An interesting historical note on Pompeo’s violation came from the National Review, which pronounced the media’s huffing over Trump’s Secretary of State being “political” “an open fraud”:
Did anyone actually think that John Kerry or Hillary Clinton or James Baker (who had previously been a campaign manager for Gerald Ford, Ronald Reagan, and George H. W. Bush) were apolitical figures? Or, going further back, that William Jennings Bryan, James G. Blaine, Henry Clay, or Thomas Jefferson were above politics? Three presidents (James Madison, James Monroe, and John Quincy Adams) were elected president while serving as secretary of state. James Buchanan and Daniel Webster both sought their party’s nomination while serving in the job. Jefferson more or less created the Democratic Party while serving as secretary of state; Clay got the job as part of a deal to resolve the 1824 election.

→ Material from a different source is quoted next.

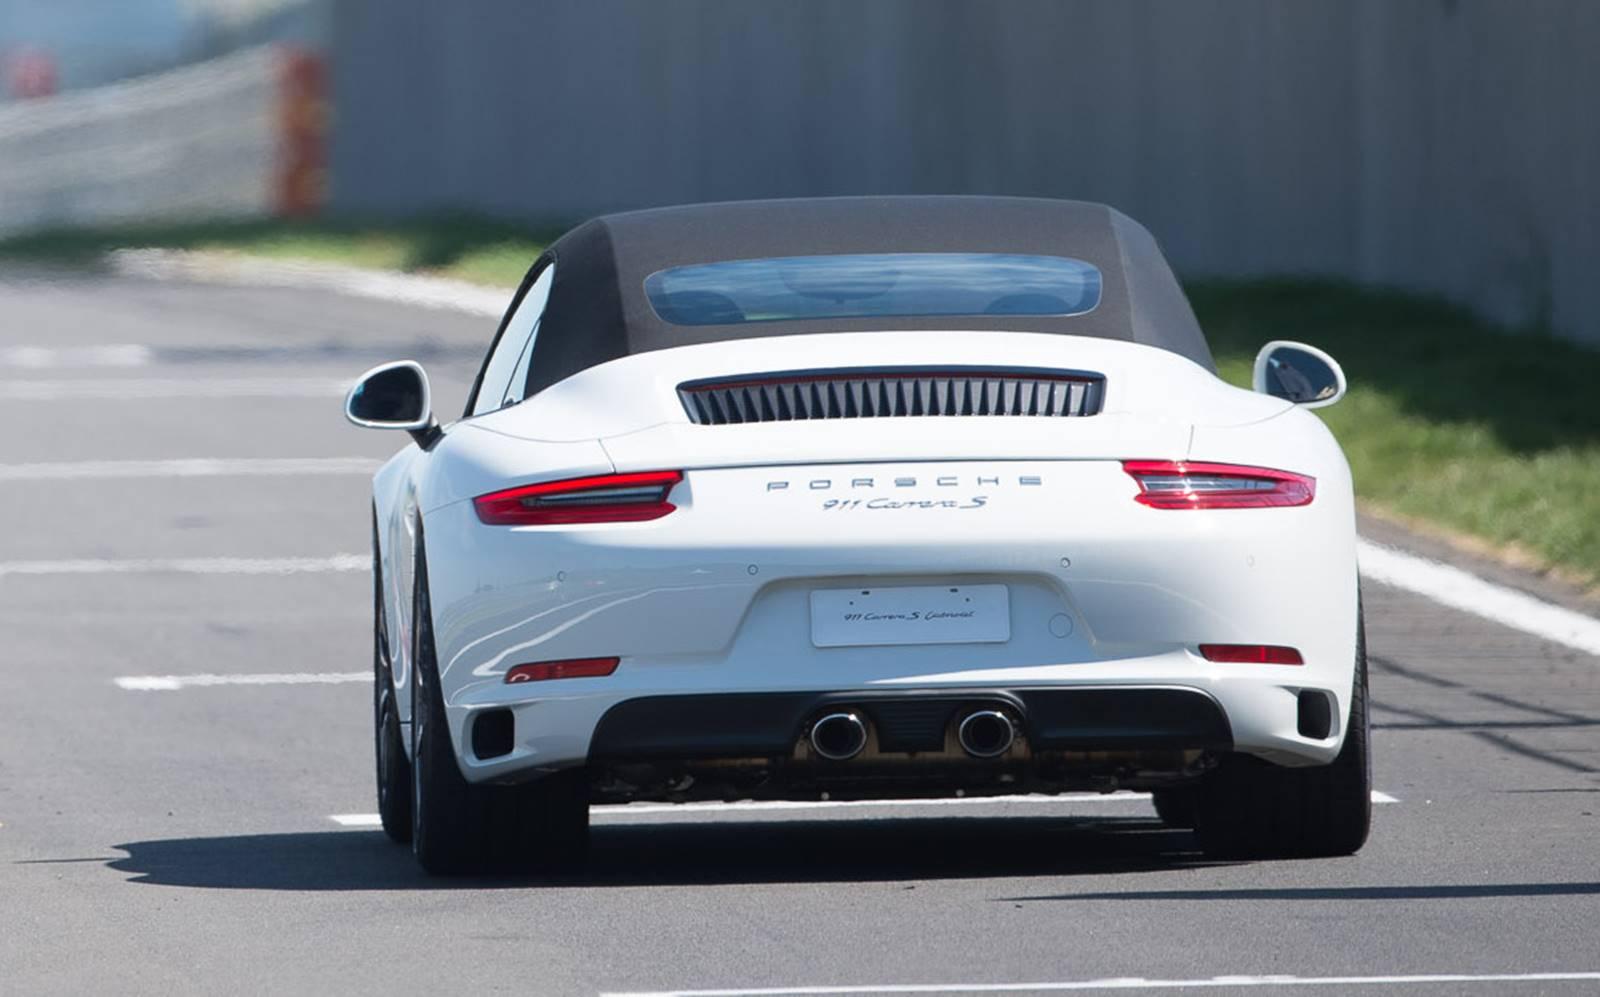 e8bbe03789c5b Novo Porsche 911 2016  preço parte de R  509 mil, no Brasil  . Novo Porsche  911 2016  Preço de Porsche 911 3.8 Turbo S Cabriolet PDK 2018  Tabela FIPE  e KBB

Laws that can’t be enforced can still be ethical laws if they truly announce the government’s and the culture’s values. Laws that the government refuses to even try to enforce are unethical, because they undermine trust in the government’s motives and honesty, and create a cynical public.
5 thoughts on “They’re Shocked—SHOCKED!—That Trump Officials Deliberately Violated The Hatch Act”
The public is already pretty cynical. You can’t un-ring that bell. Frankly, the only reason laws and rules like this are even kept around is so they can be hauled out to beat a disfavored person over the head with, and Trump is the most disfavored of all.
P.S. I think most of us enter society cynical. I was 19 when I became totally cynical and there was an incident in college that involved lots of beer, four of my classmates, and the kicking in of a resident assistant’s door. Three were expelled immediately, didn’t even take 24 hours, but the fourth, whose dad was a big-time donor, got no consequences at all, after all, he was a good kid who just happened to be in the wrong place at the wrong time (yeah right, his dad called the dean and said fix this or I send my donations elsewhere, although in all fairness, this guy stayed out of trouble after that, most likely dad also told him he’d used up his one get out of jail card).
This is easy: enforce the Hatch Act, or get rid of it.
No need. It’s as toothless as my bung, and much less useful. Probably unconstitutional, as well.
It’s effectively a “blue” law. It will never be repealed, because it will send the wrong signal, and we know how important signals are in the Age of the Internet.
So, like the Logan Act, it will remain forever as a convenient post-facto, elitist cudgel to be used on past administrations — about as intimidating as being beaten by a feather pillow, but fodder for the press to write scolding, moral-high-ground stories. Hell, the press would probably fight tooth and nail to keep it even if Congress could be persuaded that it was a good idea to repeal it.
>Laws that can’t be enforced can still be ethical laws if they truly announce the government’s and the culture’s values.
Are you thinking about flag protection laws, for example?